At our house, we do the latter- I and oldest kid clean up MWSa and Husband and oldest kid does TTh. (F is pizza and movie so minimal clean up) At least that way, no matter what a sh*t show the evening goes, I know I’ll get the next night off from the chaos. Granted oldest is 9 but she’s been wiping down the table since she was 6, so maybe your 5.5 year old will too?
Anonymous says
Oh my god my kids have the after dinner crazies EVERY night. So we have a nugget and I set it up on our couch so it’s a slide. They jump off of it, or we roll them down it. They also chase each other. We also play hide & seek if DH and I aren’t feeling exhausted. It is what it is. As long as mine aren’t injuring each other (which is like every 3rd night) I don’t care what they do to get that energy out. In the summer we put them in our (fenced) backyard so DH and I could finish eating in peace. We just started bathing ours seperately because they’re even worse in the bath. And my kids get PLENTY of outdoor time even on days below freezing.
Anonymous says
My kids are like these too–literally running circles around the house. I think it has a lot to do with their probable-ADHD and have to use up all their executive functioning and coping at school during the day.
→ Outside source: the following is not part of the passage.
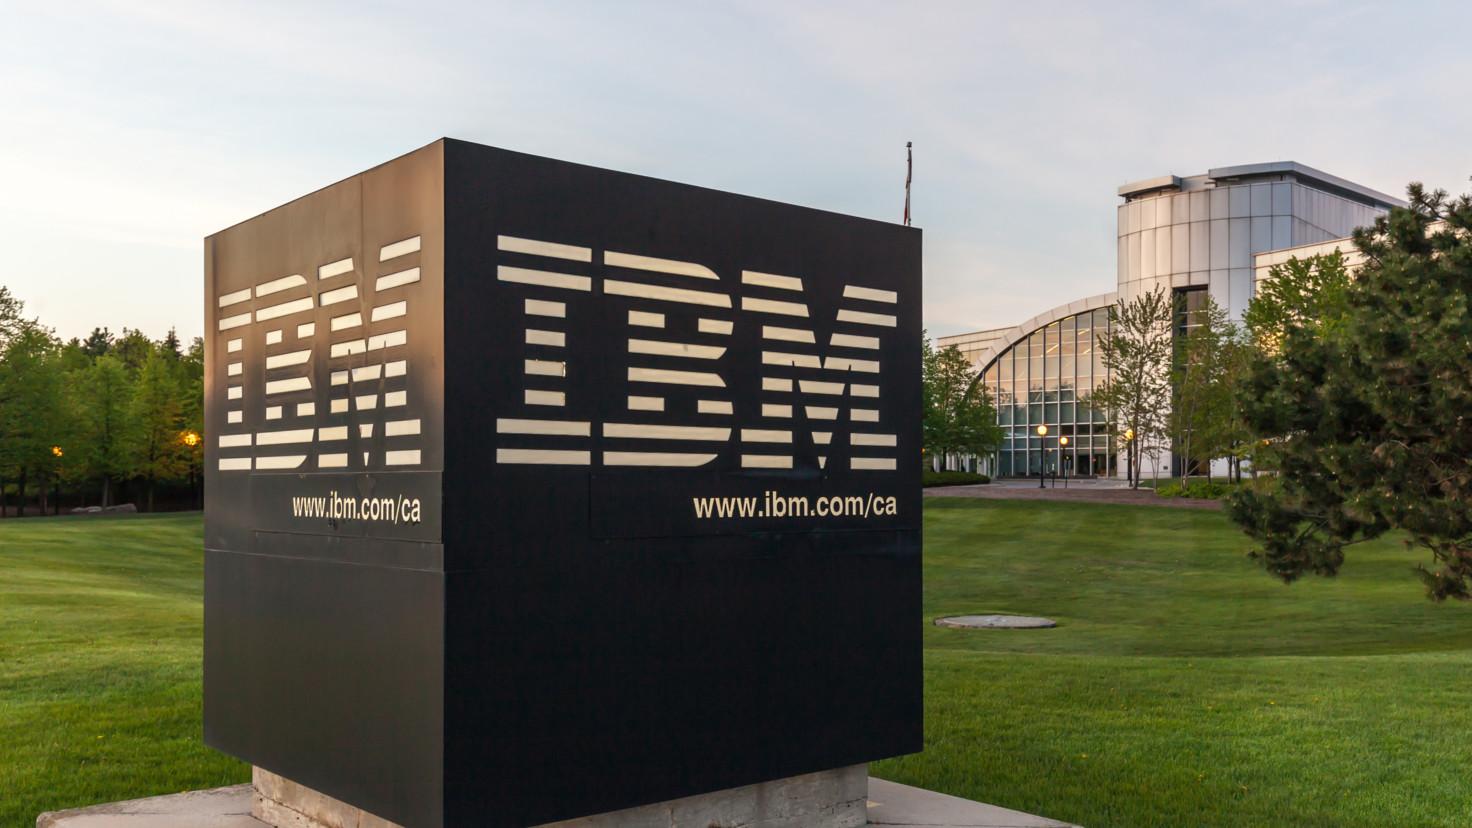 IBM company profile
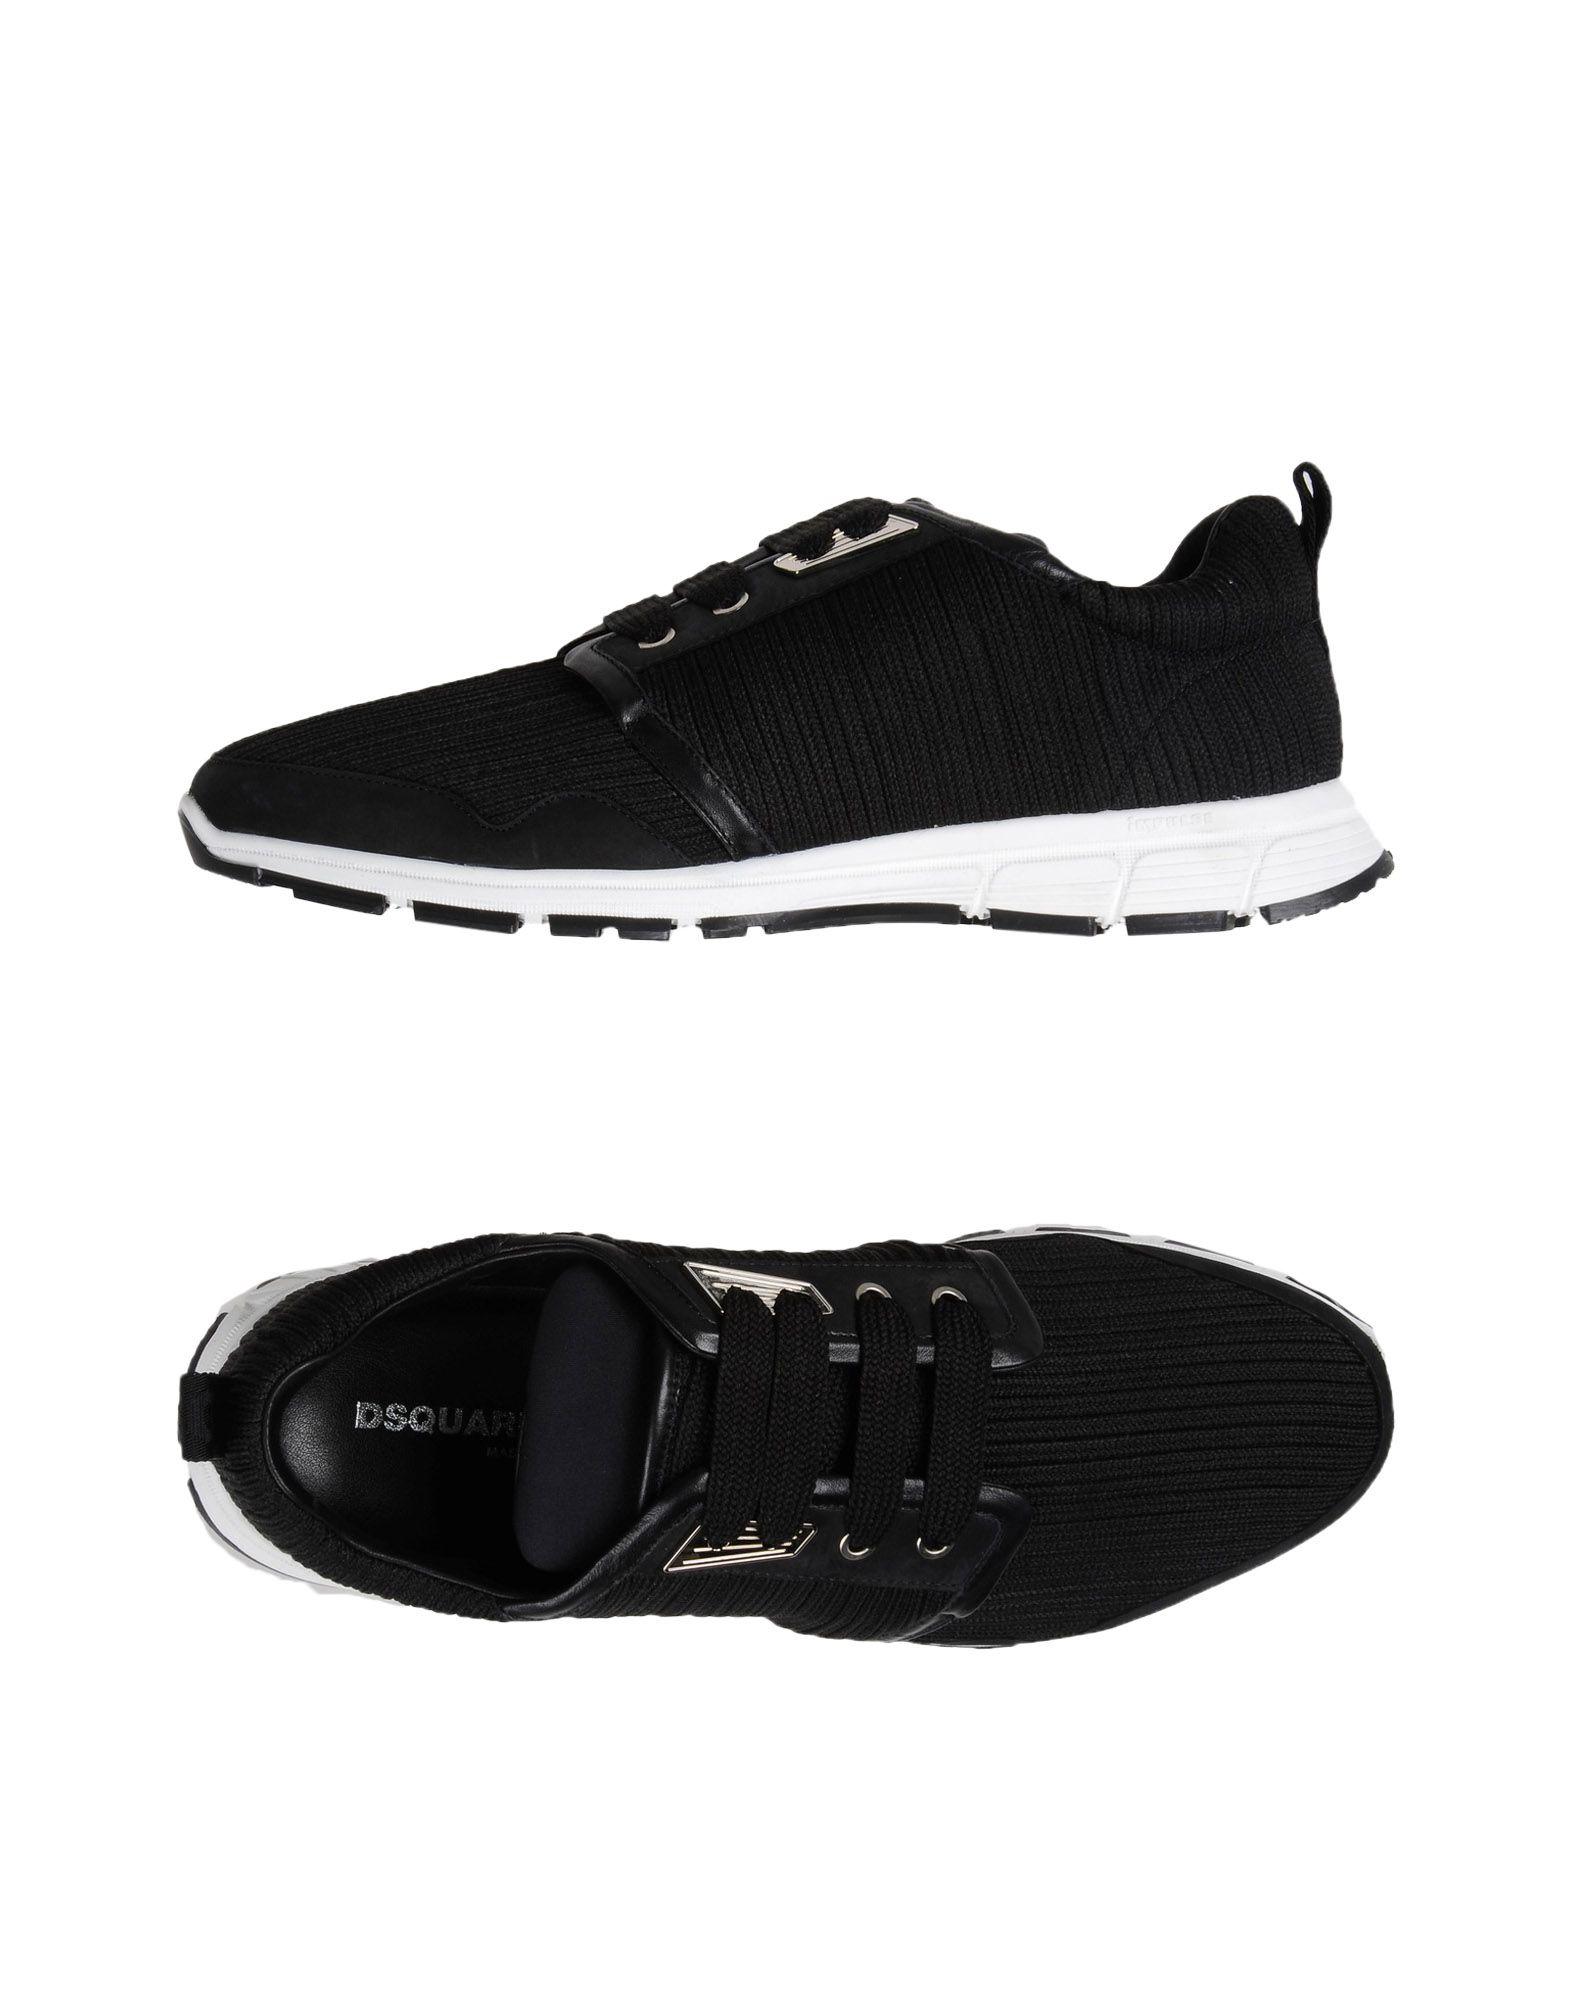 Dsquared2 Sneakers Sneakers Dsquared2 Herren  11173153HU 0c340c

Our current strategy is to separate them after dinner. One kid gets sent upstairs to change into pjs while the other runs laps, then they switch. Not sure it’s perfect, but at least then they’re not being crazy together, which can lead to tears.
Anonymous says
We do a walk around the block and clean up when they are in bed.
AwayEmily says
We usually finish dinner at 6ish and then head upstairs to start the routine at 6:30. We trade off so that whoever made dinner is on Kid Duty after dinner, and the other person cleans the kitchen. The Kid Duty person is entirely in charge of keeping them under control, whatever that entails (coming up with a game, letting them use the couch as a trampoline, taking them for a walk, etc). Having one person 100% dedicated to the kids seems to work better than when we both tried to half clean and half watch.
Anonymous says
Dance party.
Put on two high energy songs, then bring it down. Then depending on your bedtime routine use something like Laurie Berkner’s teeth brushing song to transition to the bedtime routine.
Anonymous says
We lean into it because it is unavoidable. Running races in the hall, jumping on the old crib mattress on the floor, just let them go wild.
ElisaR says
amusing 5 minute rabbit hole I just went down: google “west elm caleb”. Apparently it’s all over tik tok which i’m not on but my friend told me about him.
i’m not sure why i was so amused by him but he is cute…. i see how the girls are falling for him!